> **Prompt**: Give back, word for word, the lines in the listing below from the one holding "デジタルな起動音 近未来的な音の再生済みの波形" down to the one holding "Niños retratan cómo", both ends included.

> **The input**:
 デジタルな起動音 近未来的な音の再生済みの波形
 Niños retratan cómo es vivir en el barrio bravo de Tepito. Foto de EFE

---

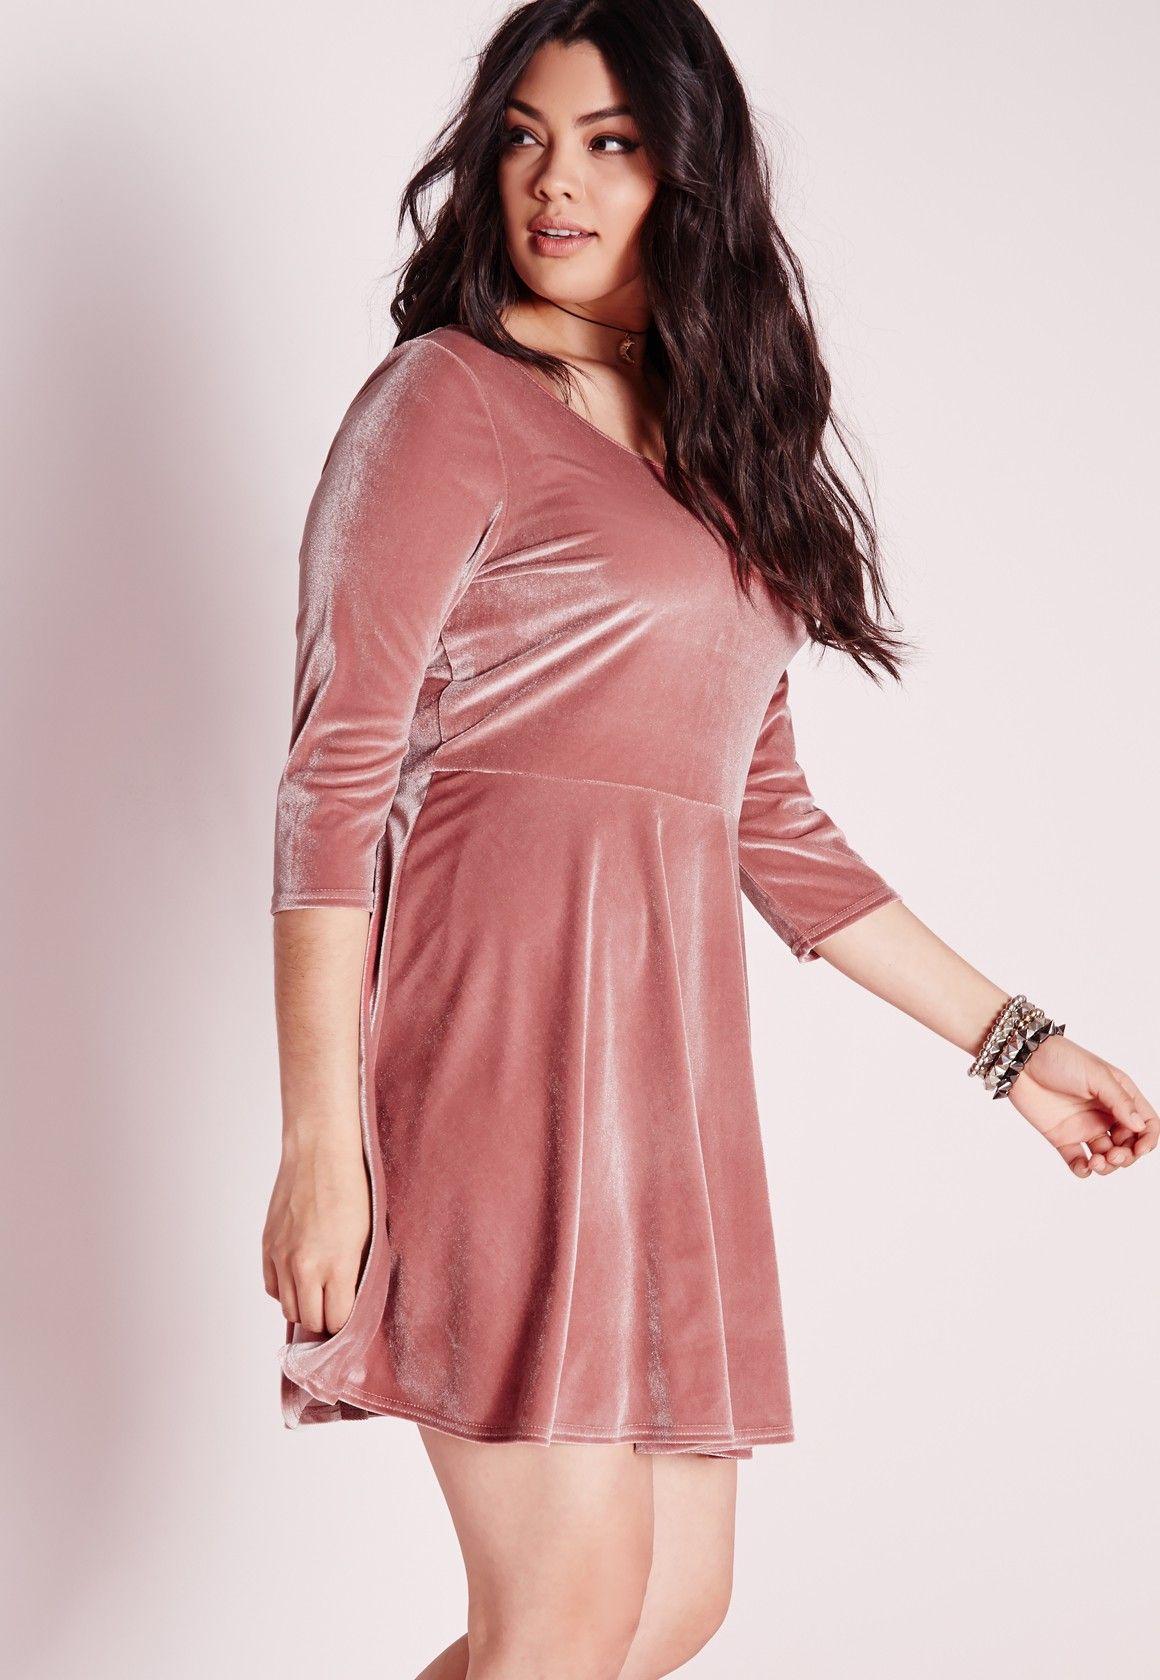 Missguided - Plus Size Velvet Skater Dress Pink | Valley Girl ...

==

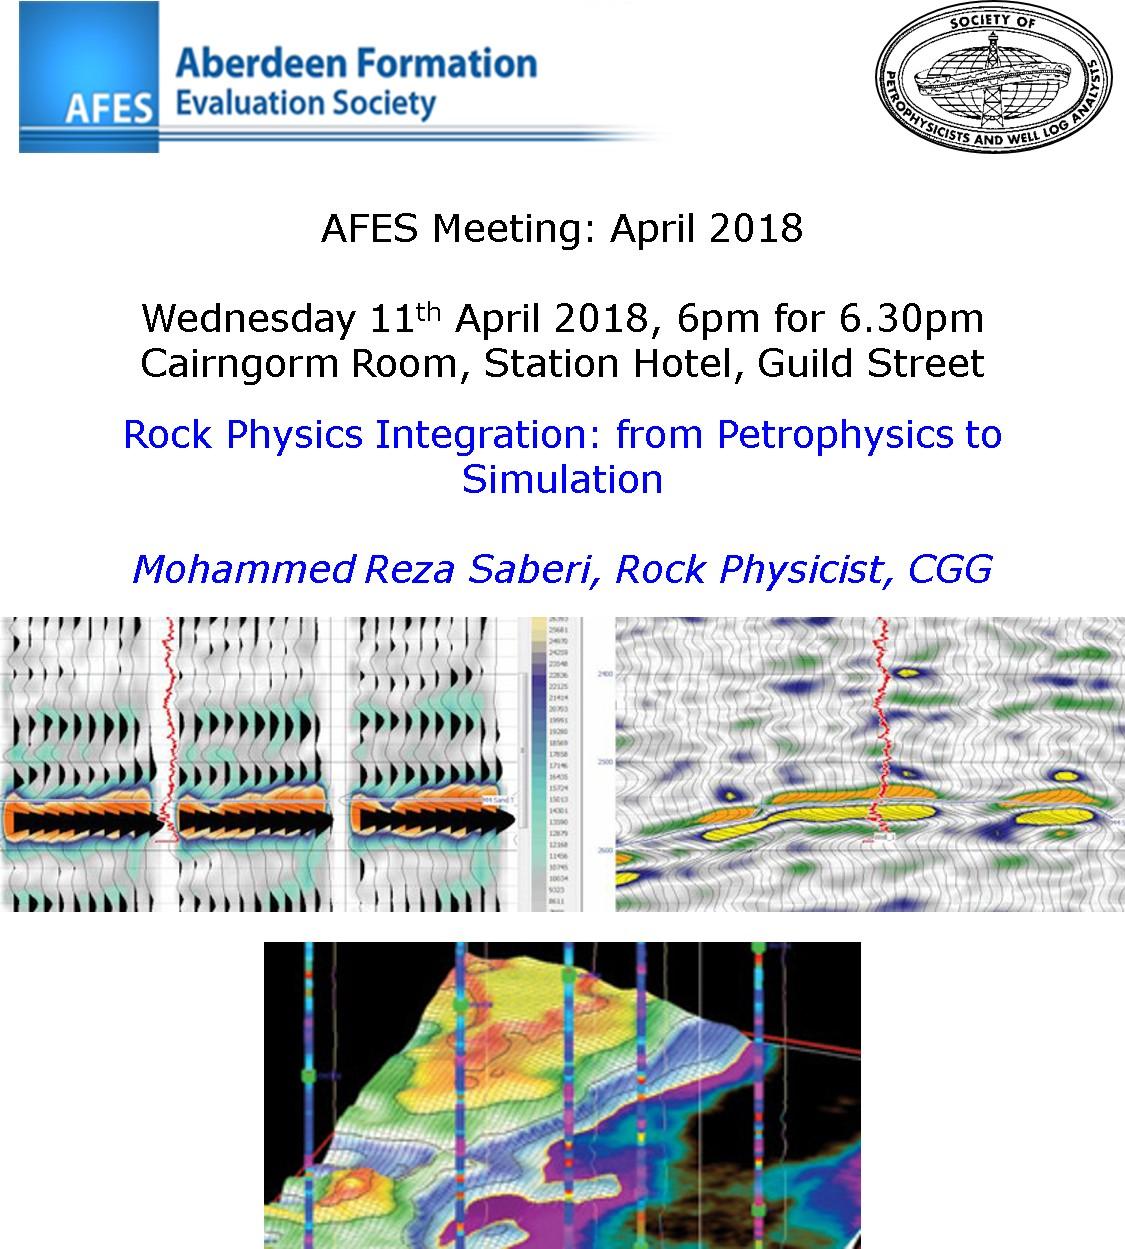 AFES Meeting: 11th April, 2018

> **Response below**:
 デジタルな起動音 近未来的な音の再生済みの波形
 Niños retratan cómo es vivir en el barrio bravo de Tepito. Foto de EFE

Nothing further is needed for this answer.